In some examples, the task comprises program location data indicative of a location in the storage system of a compiled program to be executed by the processor to execute the task. This for example allows the processor to easily obtain the compiled program, which can for example remain in the storage system so it can be re-used for at least one further task and/or job.
In some examples, the processor is to re-use the compiled program to execute a plurality of jobs, each comprising processing a different respective section of data stored in the storage system. This can for example reduce usage of processing and bandwidth resources by obviating the need to re-compile the program for each different job and to re-send the re-compiled program to the processor.
In some examples, the processor is to: obtain the compiled program from the storage system, based on the program location data; and obtain the array location data from the compiled program. In this way, the array location data can for example be pre-defined, and included in the complied program, so that the program need not be re-compiled each time a different data descriptor is to be obtained. Instead, different data descriptors at different positions within the array can be identified e.g. based on a task-based parameter and, in some cases, a job-based parameter, and their location in the storage system can be obtained based on the array location data.
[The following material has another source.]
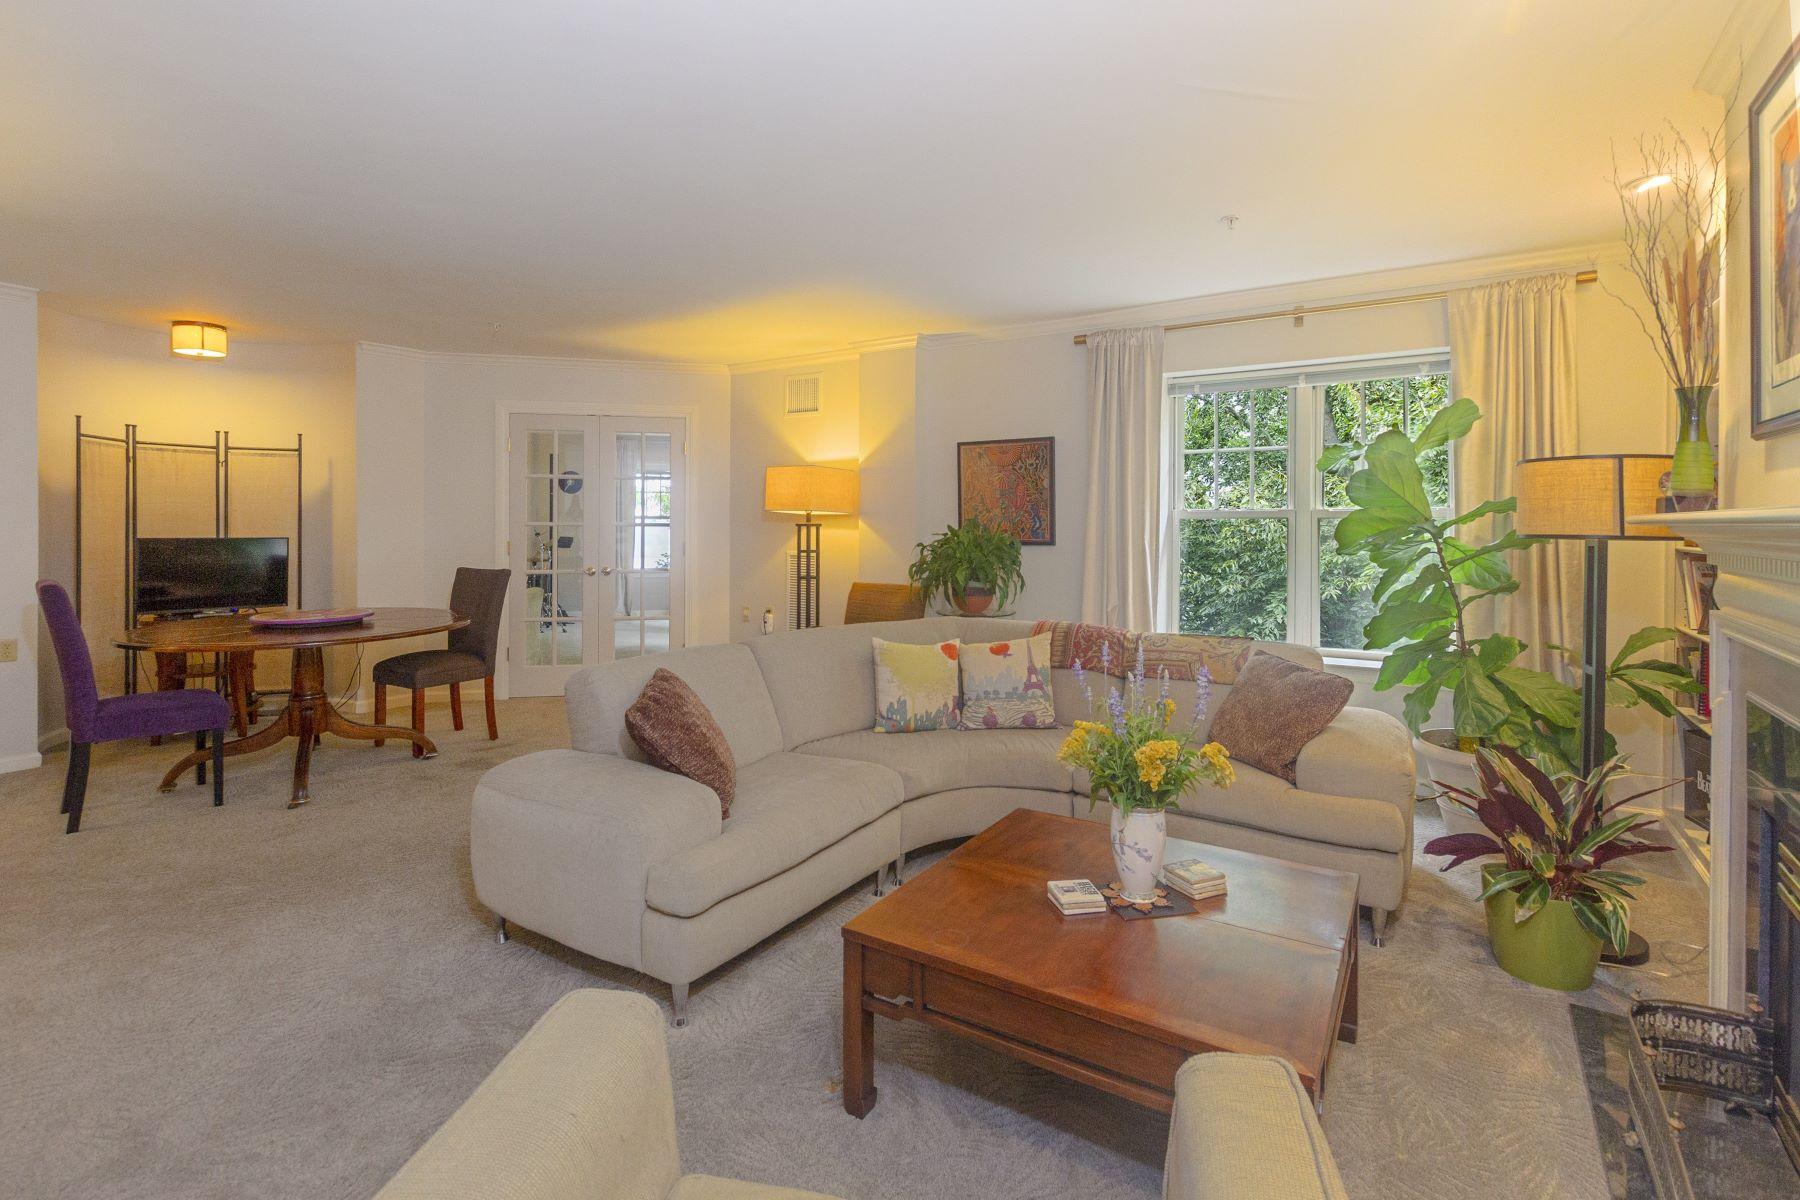 Condominiums for Sale at 355 Blackstone Boulevard, #401, East Side Of Providence, RI 355 Blackstone Boulevard, 401, Providence, Rhode Island 02906 United States

To put the examples herein into context, an example of a task comprising convolution of part of a tensor 100 with neural network weights 102 will be described with reference to
As used herein, the term “tensor” is to be considered to refer to a multi-dimensional tensor. A tensor is an array of elements, such as an array of same-typed scalar elements. In the example of
A neural network will typically process the input data according to a network of operators, each operator performing a particular operation. The operations will generally be performed sequentially to produce desired output data (e.g. a classification based on the image or sound data). Each operation may be referred to as a “layer” of neural network processing. Hence, neural network processing may comprise a sequence of “layers” of processing, such that the output from each layer is used as an input to a next layer of processing. Each layer for example processes an input feature map by convolving the input feature map with a set of weights to generate an output feature map, which is used as the input feature map for the next layer. The term “feature map” is used generically herein to refer to either an input feature map or an output feature map.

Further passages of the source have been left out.